«Smoke on the water. A fire in the sky.» An den berühmtesten Brand der Musikgeschichte im Dezember 1971 erinnert sich Michel Ferla, als wenn es gestern gewesen wäre. Im Casino Montreux, am Ufer des Genfersees, rockten Frank Zappa & The Mothers of Invention die Bühne, als Zappa plötzlich «Fire!» schrie.
«Im ersten Moment dachten wir, das sei ein Teil der Show», erinnert sich Ferla, der damals im Tourismusbüro in Montreux tätig war.
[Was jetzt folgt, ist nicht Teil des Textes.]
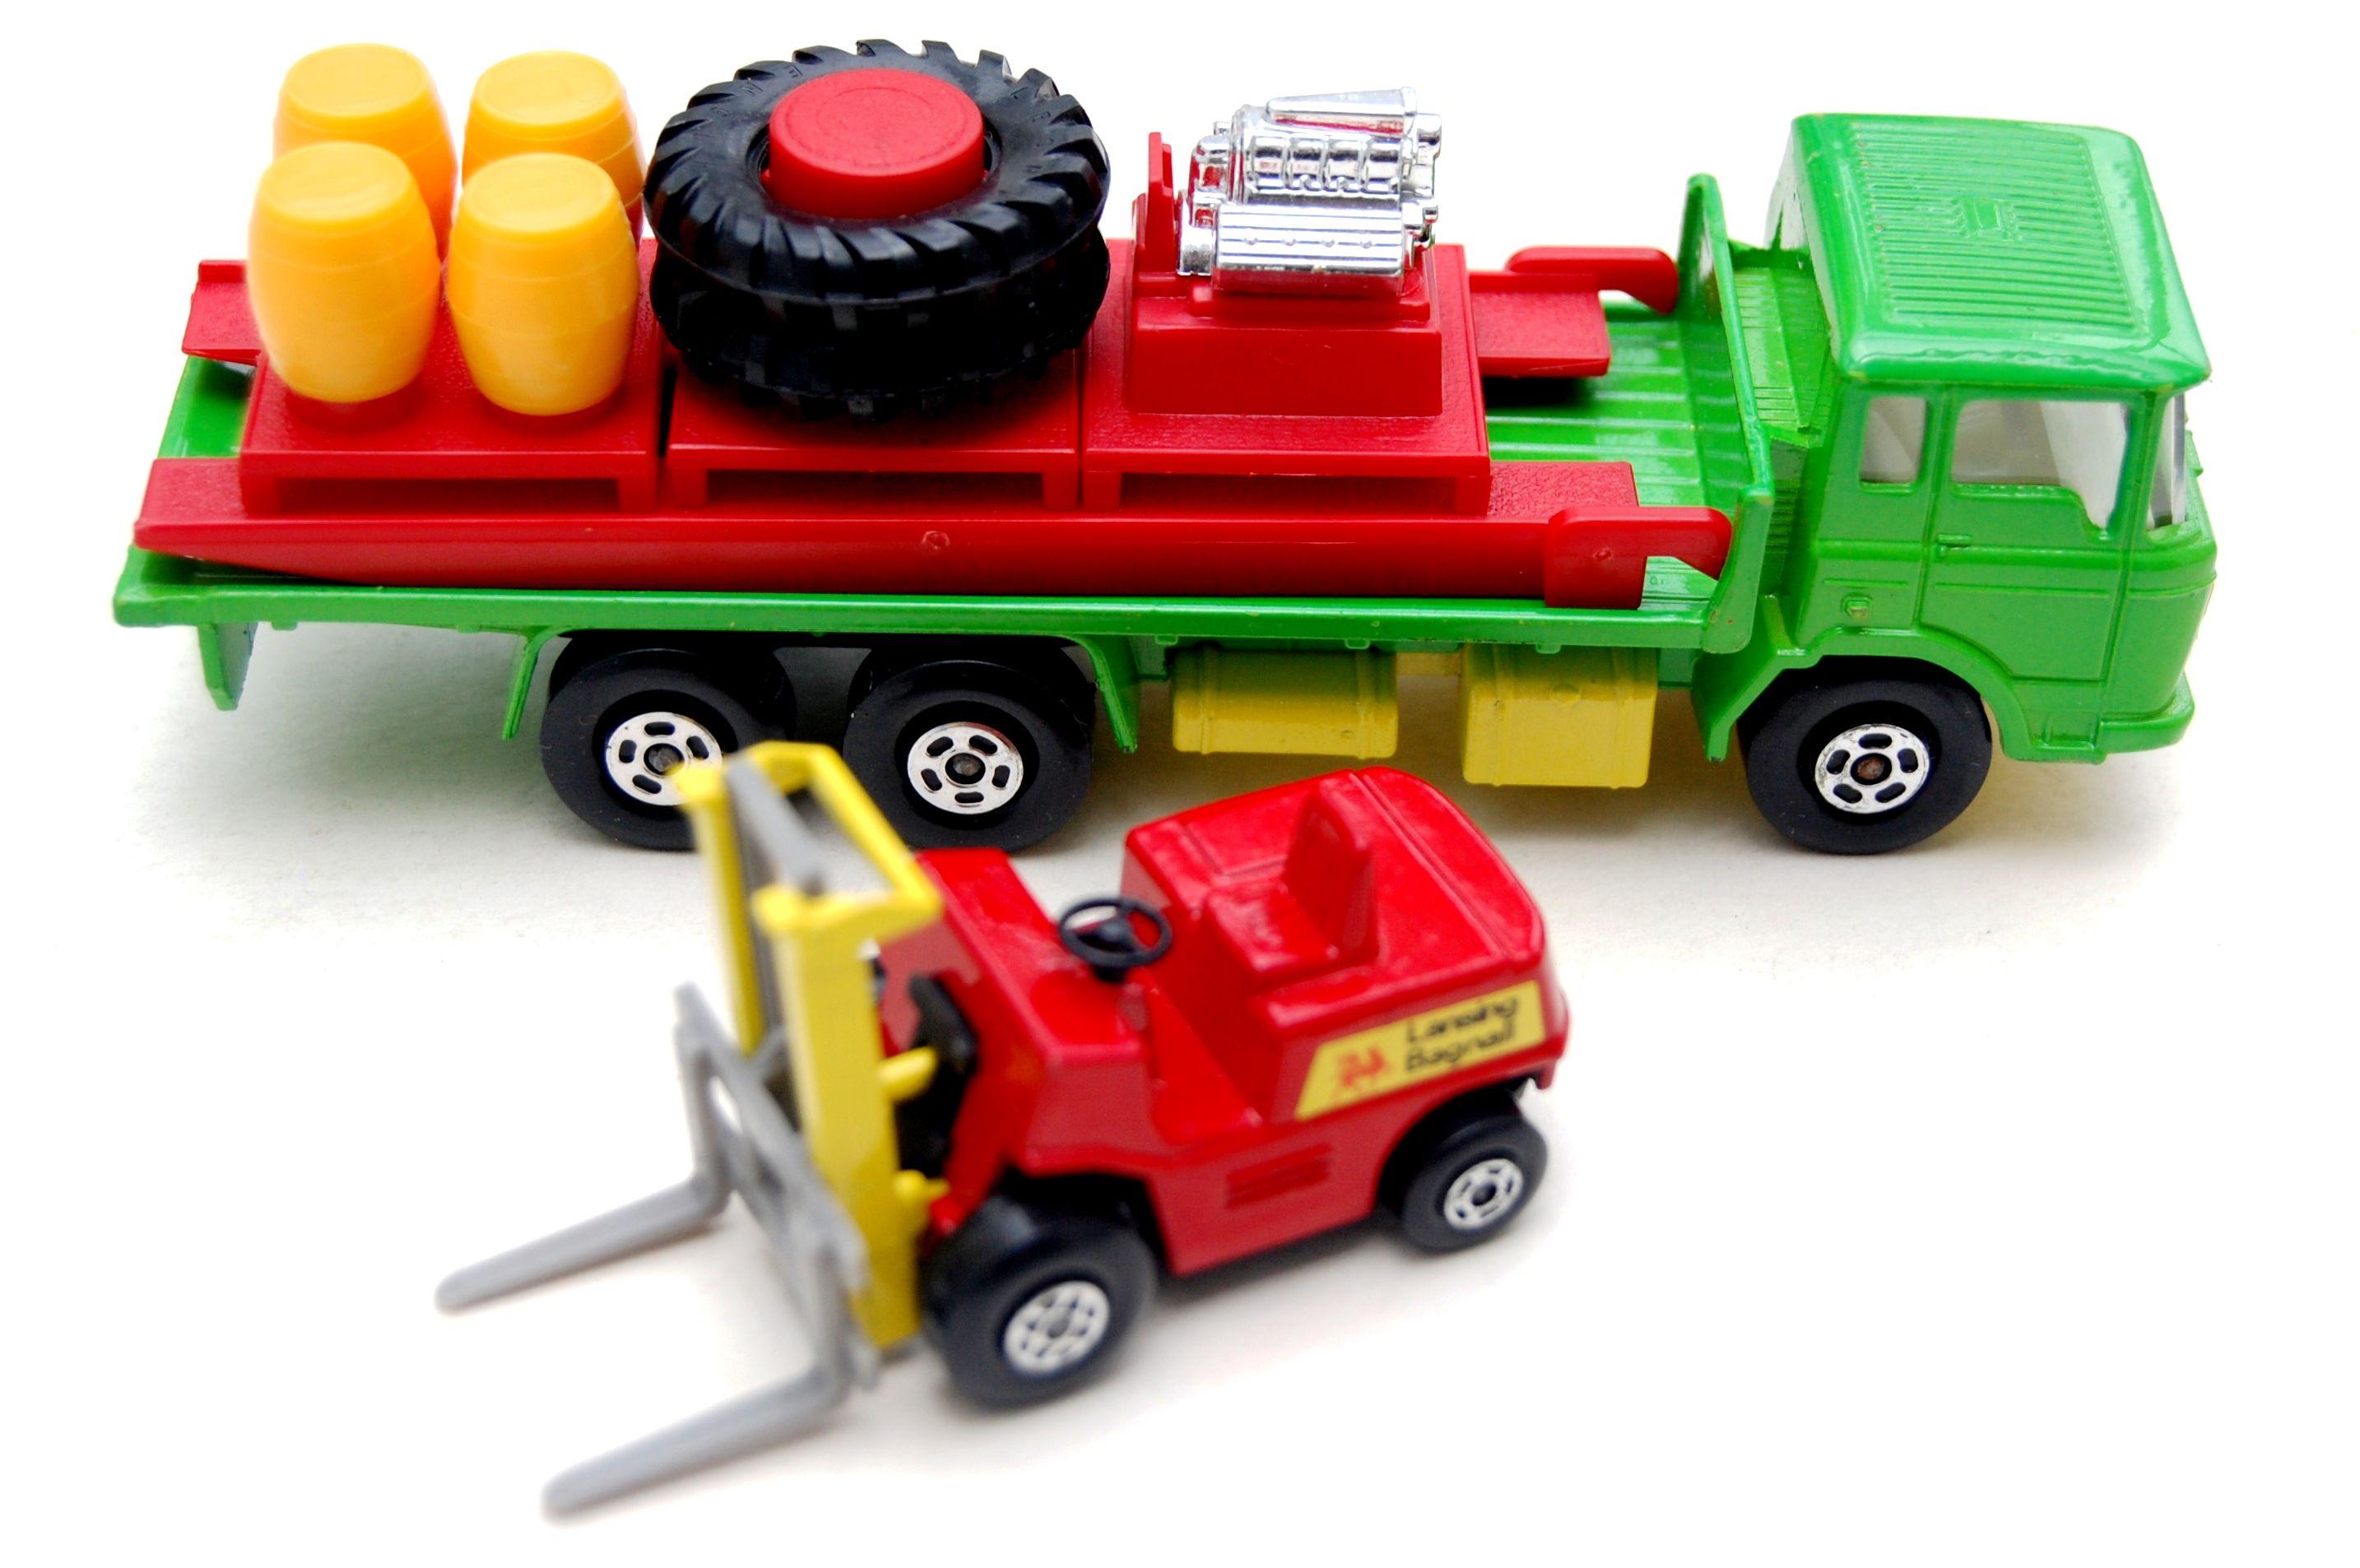 Vintage Toys Wanted By The Toy Exchange Matchbox K 20 Super Kings Cargo Hauler Fork Lift Pallet Loader Toy Model Cars Vintage Toys Toy Trucks

Ein Konzertbesucher hatte mit einer Leuchtpistole in die Luft geschossen. «Wir versuchten den Brand mit Feuerlöschern zu bezwingen. Doch wir konnten den Flammen an der Decke nicht Herr werden. Es brannte lichterloh.»
We all came out to Montreux
On the Lake Geneva shoreline
To make records with a mobile
We didn't have much time
Frank Zappa and the Mothers
Were at the best place around
But some stupid with a flare gun
Burned the place to the ground
Auf allen Vieren durch die Flammen
Die rund 4000 Konzertbesucher zertrümmerten mit Lautsprecherboxen die Fensterscheiben, um sich ins Freie zu retten. Claude Nobs, Gründer des Montreux Jazz Festival, behielt einen kühlen Kopf. Zusammen mit Ferla und seinem Team, versuchte er zu retten, was zu retten war. «Wir krochen auf allen Vieren durchs brennende Gebäude», schildert Ferla, «damals wurde viel Marihuana geraucht. Wir wollten sicher sein, dass niemand eingeschlafen war.» Alle hatten es rechtzeitig ins Freie geschafft.
Deep Purple waren in Montreux, um ihr neues Album «Machine Head» aufzunehmen. Für die Aufnahmen im Casino hatten sie ein mobiles Studio in einem Lastwagen gemietet, das «Rolling Stones Mobile Unit». Es sollte ein Album mit der Atmosphäre eines Live-Konzertes werden. Deep Purple mischten sich unter die Besucher und waren Augenzeugen, als Zappas Konzert in Flammen endete. «Zappa und Band haben im Feuer ihr ganzes Equipment verloren», erzählt Ferla, «alle ihre spezialangefertigten Instrumente verbrannten».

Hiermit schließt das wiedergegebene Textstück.